• _Required action_: Give the data again exactly, without images.

• _Material provided_:
***

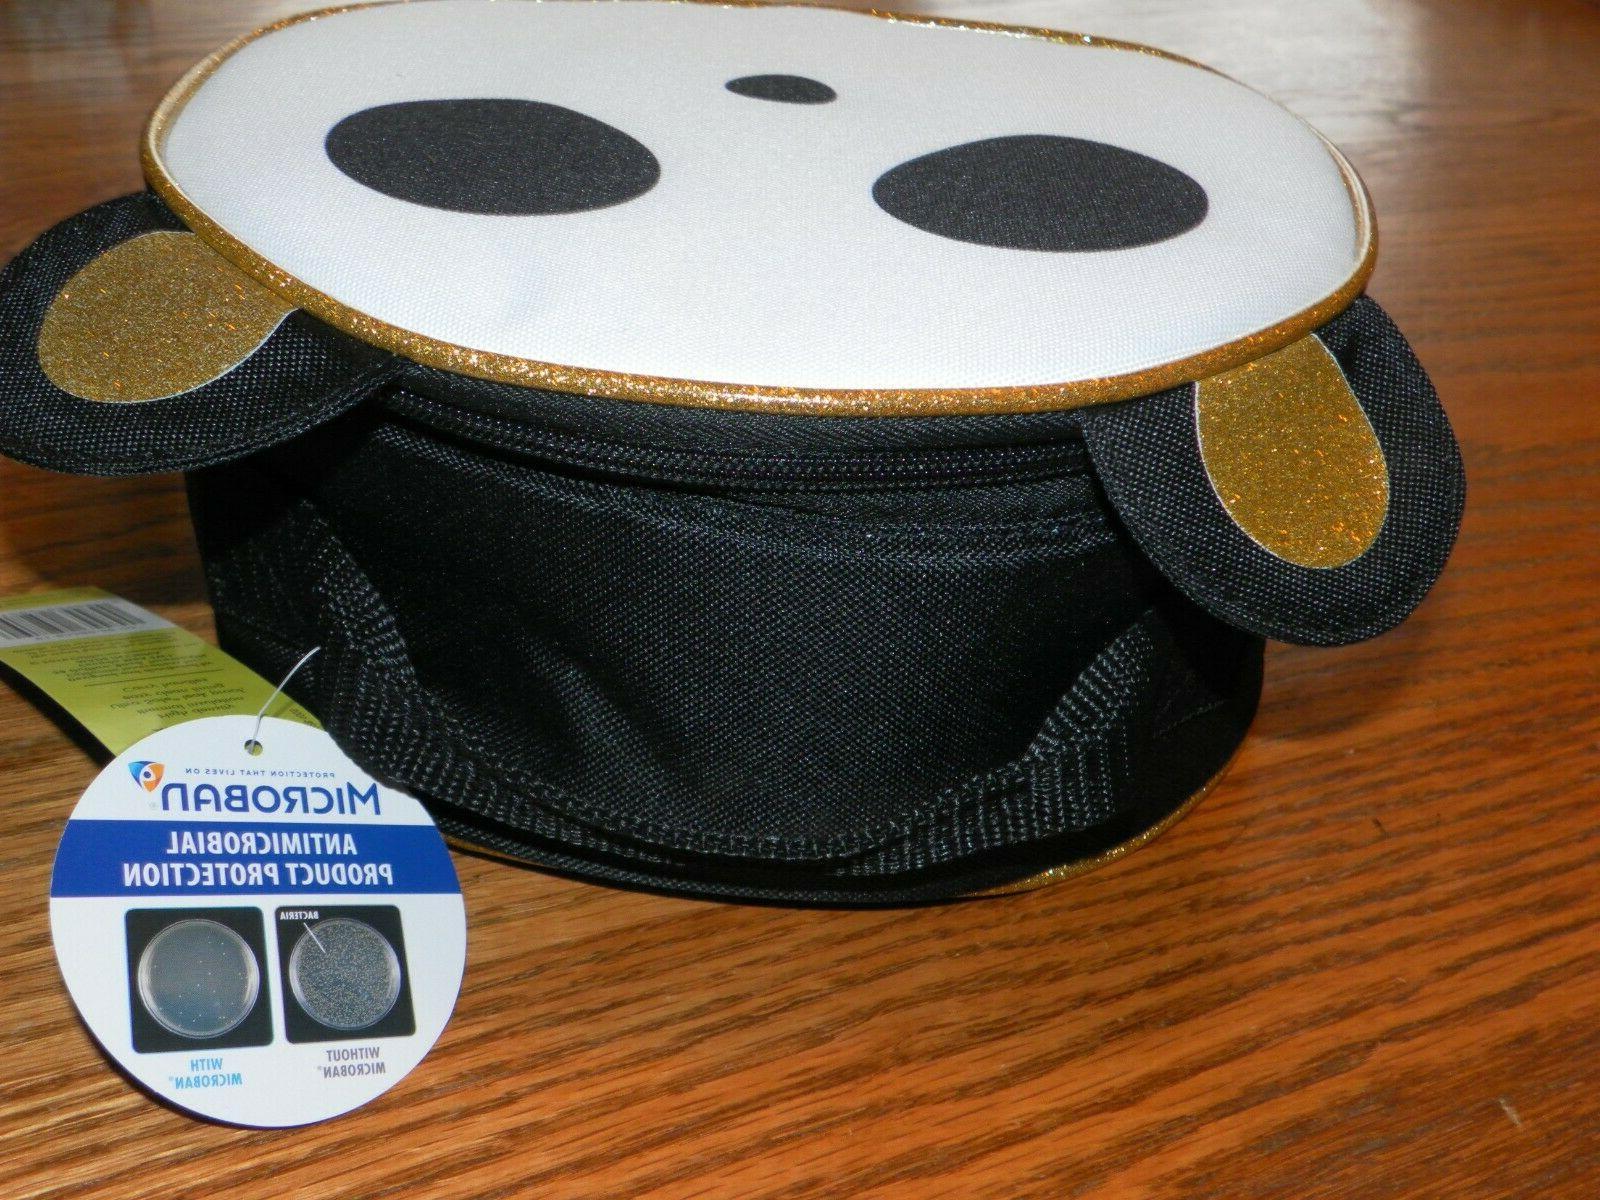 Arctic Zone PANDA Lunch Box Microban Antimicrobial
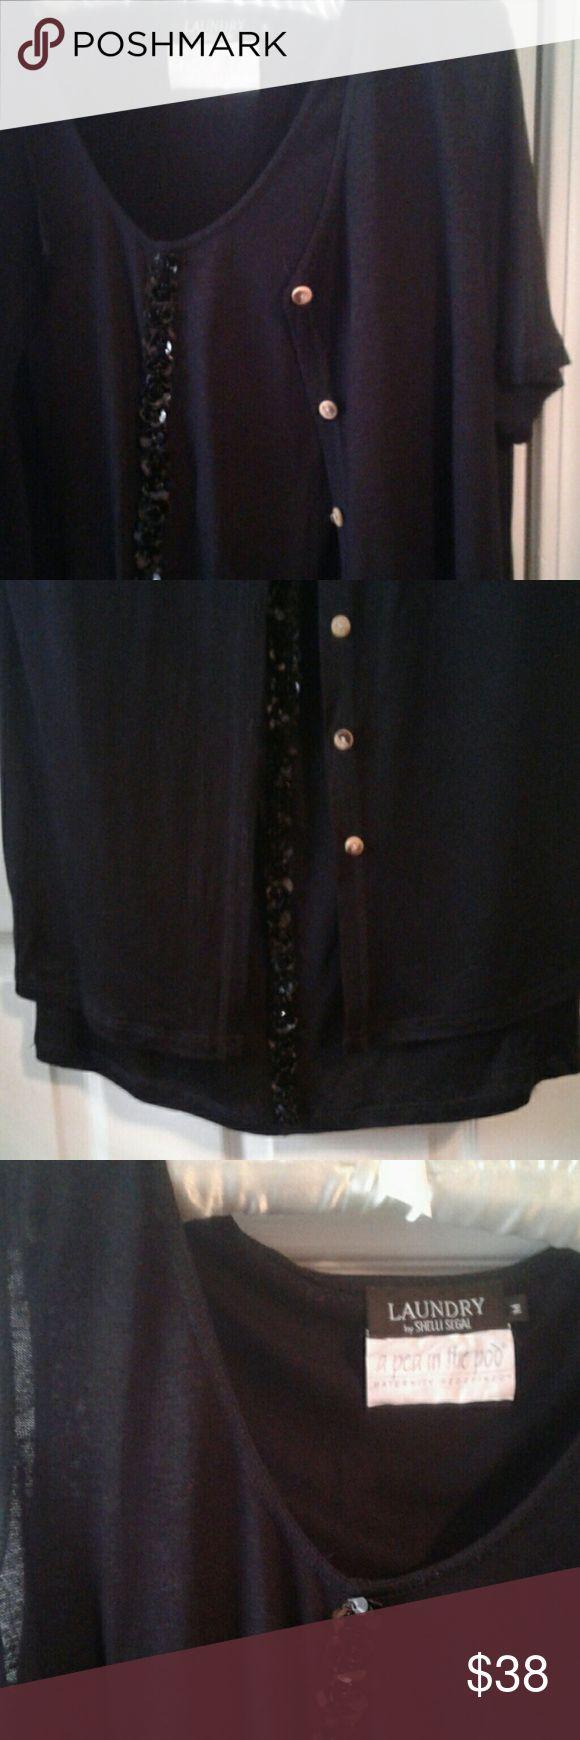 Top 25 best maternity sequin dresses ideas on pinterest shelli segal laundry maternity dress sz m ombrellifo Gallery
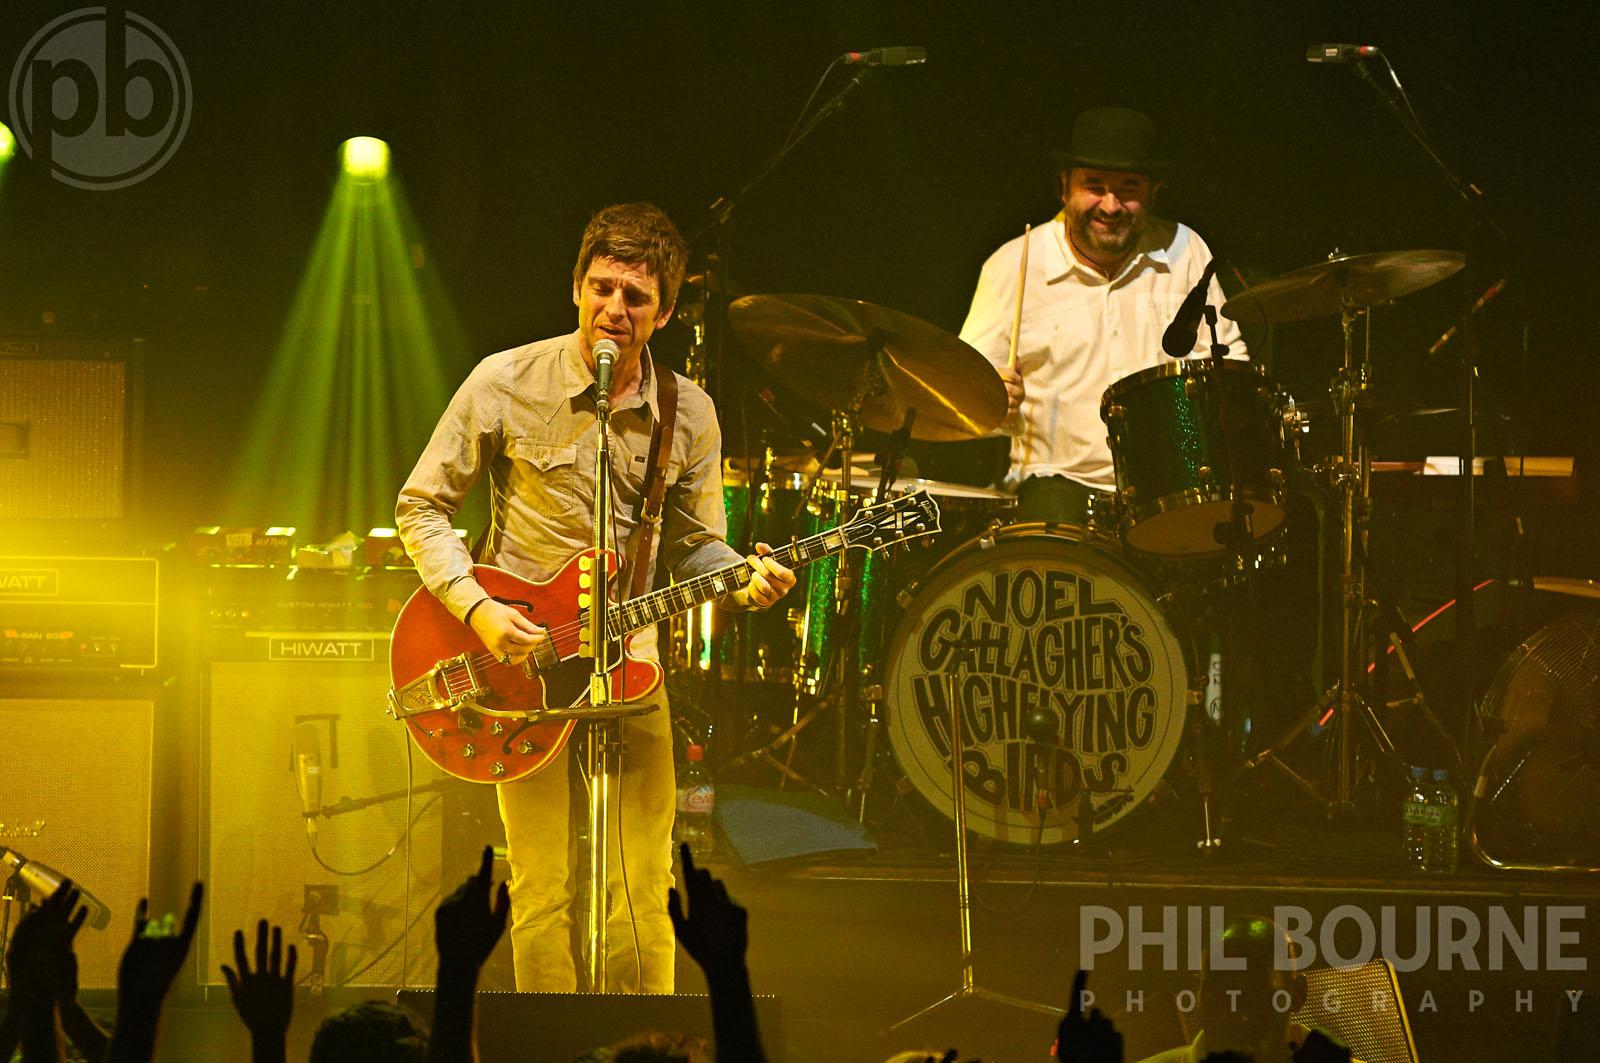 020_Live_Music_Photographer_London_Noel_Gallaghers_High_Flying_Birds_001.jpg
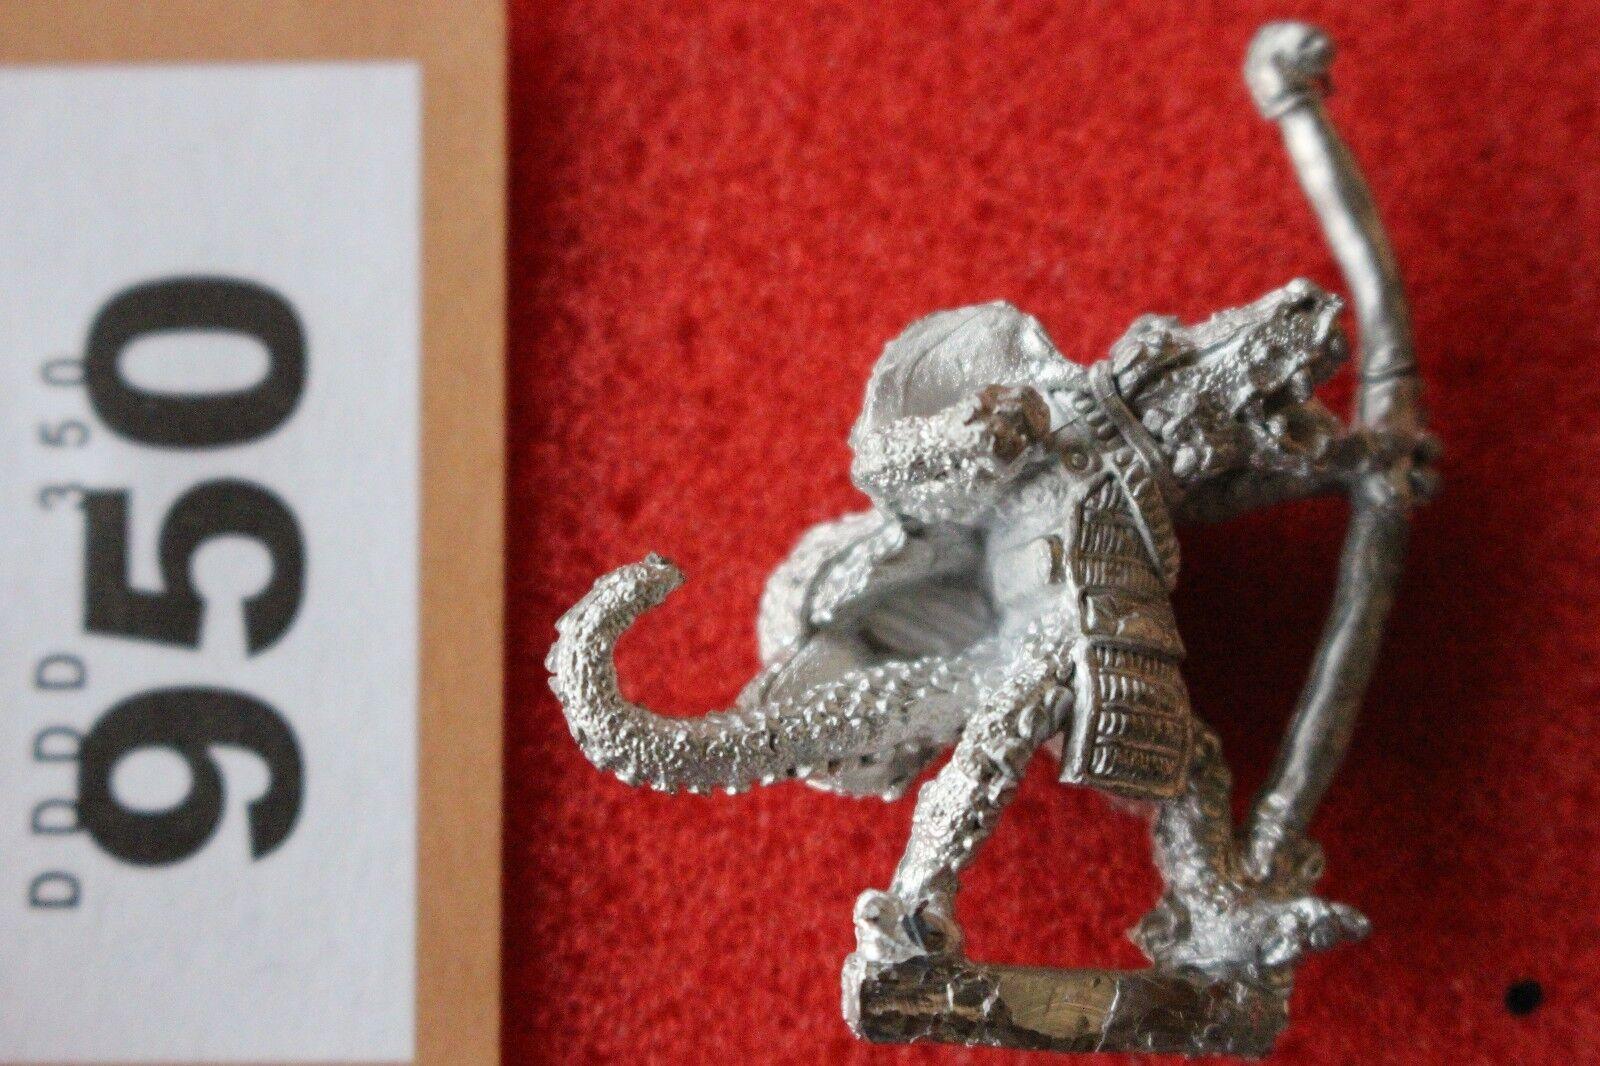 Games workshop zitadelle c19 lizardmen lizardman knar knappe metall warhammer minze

***

• _Reply_:
 Arctic Zone PANDA Lunch Box Microban Antimicrobial
 Top 25 best maternity sequin dresses ideas on pinterest shelli segal laundry maternity dress sz m ombrellifo Gallery
 020_Live_Music_Photographer_London_Noel_Gallaghers_High_Flying_Birds_001.jpg
 Games workshop zitadelle c19 lizardmen lizardman knar knappe metall warhammer minze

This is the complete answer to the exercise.